As a general rule, beaver populations declined as humans increased. Beaver populations had already declined noticeably by the end of the 19th century.

Again, they were often trapped by humans who had no idea of the long-term effects that hunting, trapping, and killing beavers would have on the ecosystem.

More recently, in this age of environmentalism, there has been a great recognition of how beaver dams play a vital role in both maintaining and diversifying stream and river habitats.

In the past 100 years, land managers throughout the Northern Hemisphere have tried time and again to reintroduce beavers in areas where they used to be dominant.

Today, beaver populations are rebounding throughout North America. The beaver population is now estimated to be about 10 million and reoccupying most of its former territory.
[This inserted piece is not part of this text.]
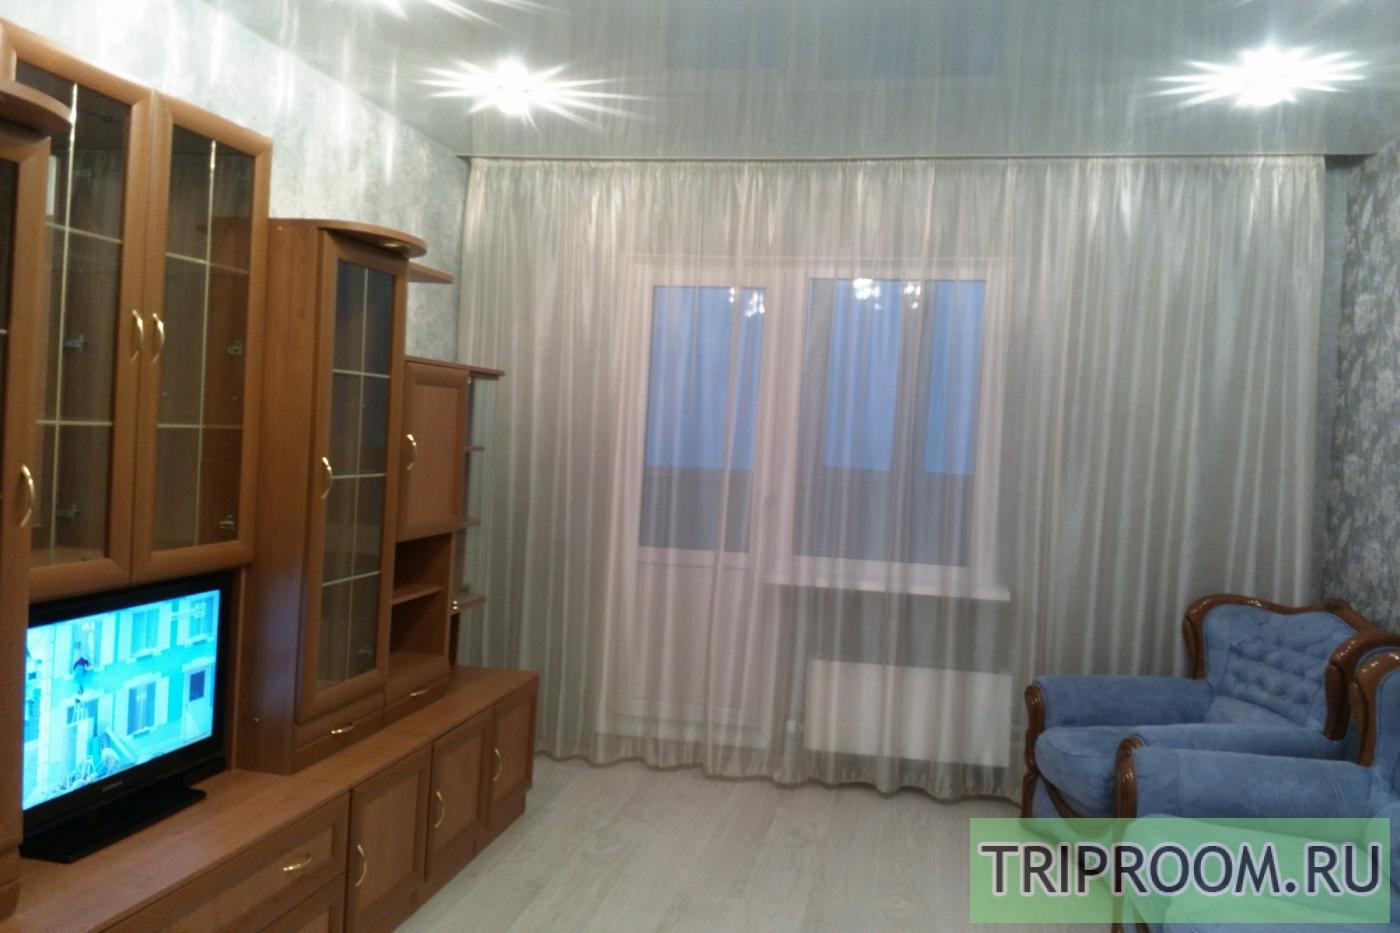 1-комнатная квартира посуточно (вариант № 28926), ул. Тюменский тракт, фото № 2

Beavers are found in many different aquatic habitats, but they do like the following:

  • Beavers prefer to build dams on smaller, flatter gradient streams that flow through valleys. Beavers tend to choose the lowest gradient sites first.
  • Beavers avoid constrained valleys and high-gradient streams. However, research has uncovered that beavers will colonize this less-preferred habitat if their population densities are high.
  • Beavers also occupy large rivers. However, they restrict dam building to off-channel habitats. They also build seasonal dams across large rivers during low-flow conditions (so, in the drier seasons of the year).
  • Beavers also build dams on wetlands, estuaries, and even lakes. They will build on just about any body of water where additional water can be retained and the habitat improved by building a dam.

In addition to these habitat improvements, beaver makes use of streams with developed areas that contain vegetation they can eat and potential construction materials to build dams and lodges.

Beavers use a wide variety of items as construction materials, such as trees, shrubs, substrate, and herbaceous vegetation. As food, beavers prefer to eat aspen, cottonwood, and willows.